Pourtant, depuis quelques années, polars et thrillers flamands bien plus ambitieux se multiplient. Quand La Vengeance de Baudelaire a remporté en 2007 le prix Hercule Poirot du meilleur roman policier, j’ai eu l’occasion de défendre dans les médias la valeur littéraire de ces nouvelles productions. Comme tout romancier, un auteur de polars ou de thrillers « littéraires » s’efforce d’écrire dans un style élégant et subtil en mettant en scène des personnages fouillés avec lesquels il s’identifie et en élaborant une histoire surprenante qui offre plusieurs niveaux de lecture. La seule différence avec le roman au sens strict du terme, pour autant qu’il y en ait une, réside dans la présence d’une intrigue prenante synonyme de suspense.
D.C. : C’est le défi que vous avez essayé de relever dans vos plus récents romans ?

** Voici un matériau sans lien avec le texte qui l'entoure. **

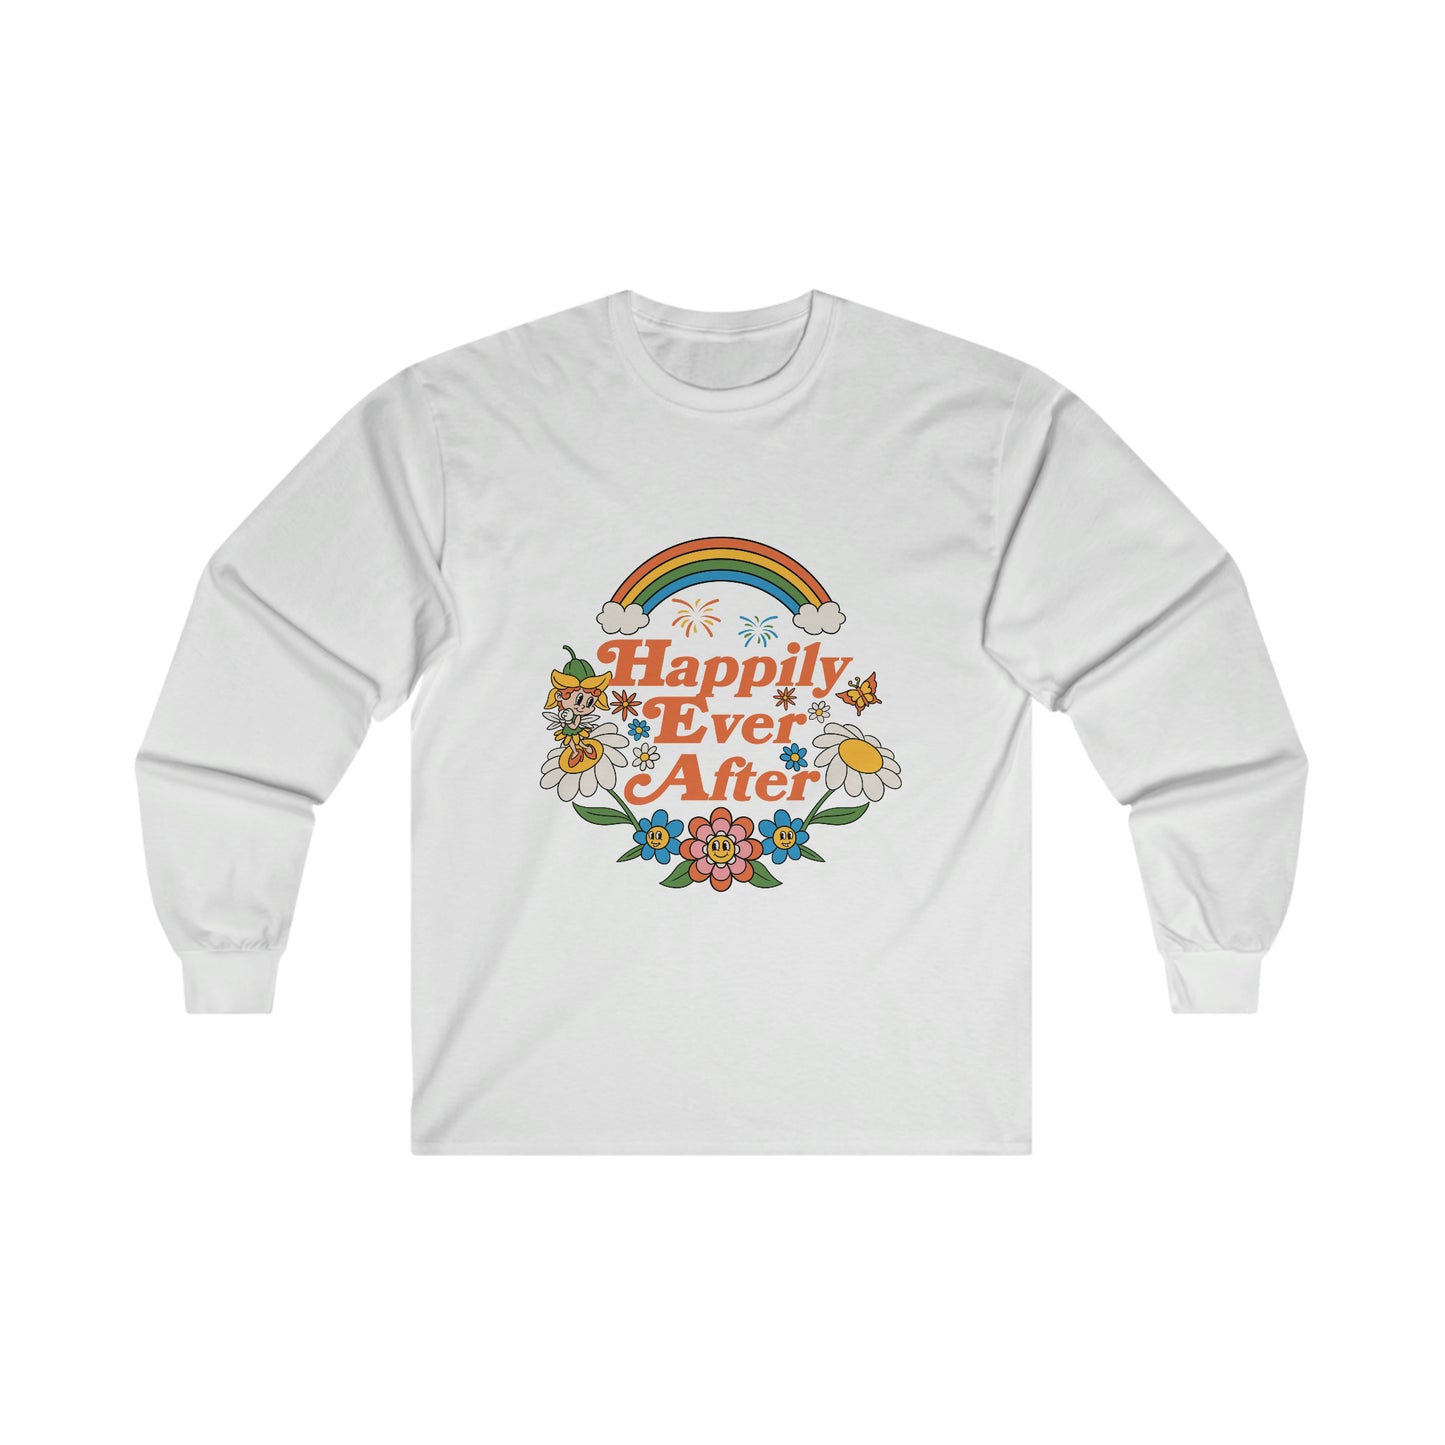 Happily Ever After - Long Sleeve Tee

BVL : Oui, et j’espère y être parvenu avec La Vengeance de Baudelaire et Retour à Hiroshima (2010), également nominé pour le prix Hercule Poirot. La Vengeance de Baudelaire est un roman policier historique dont l’action se déroule dans le Paris assiégé par l’armée prussienne (1870). La crème de la société tente d’échapper à la situation désespérée en organisant des orgies et des séances de spiritisme. Les ouvriers et les pauvres sont pris au piège comme des rats. Bientôt circulent des histoires étranges sur des actes de cannibalisme qui se seraient produits dans des venelles de la capitale. Les tensions sociales atteignent leur paroxysme en raison des hésitations et de la faiblesse de Napoléon III, de l’attitude hautaine des industriels et du gratin de la ville, des maladresses des généraux. Dans ce pandémonium, quotidiens et hebdomadaires usent de leur popularité croissante et donc de leur pouvoir pour monter en épingle des crimes étranges et en tirer une histoire pleine de mystère et de sang afin de distraire les masses des injustices et de la guerre. Ces meurtres, qui se suivent à un rythme soutenu, ont une chose en commun : sur chaque cadavre, on découvre quelques vers de Charles Baudelaire, poète vomit de son vivant, mais qualifié de génie trois ans après sa mort. Le commissaire Lefèvre, qui a combattu en Algérie, est chargé de résoudre cette énigme ; mais il se trouve bientôt, avec son assistant mélancolique Bouveroux, empêtré dans un drame familial qui a des ramifications jusqu’à la cour et qui symbolise les excès des Temps Nouveaux. Au cours de son enquête, le commissaire doit faire face à la débauche effrénée et de plus en plus répandue que ni l’Église ni l’État ne sont plus à même de réprimer et qui met en échec les principes moraux de la religion et de la société.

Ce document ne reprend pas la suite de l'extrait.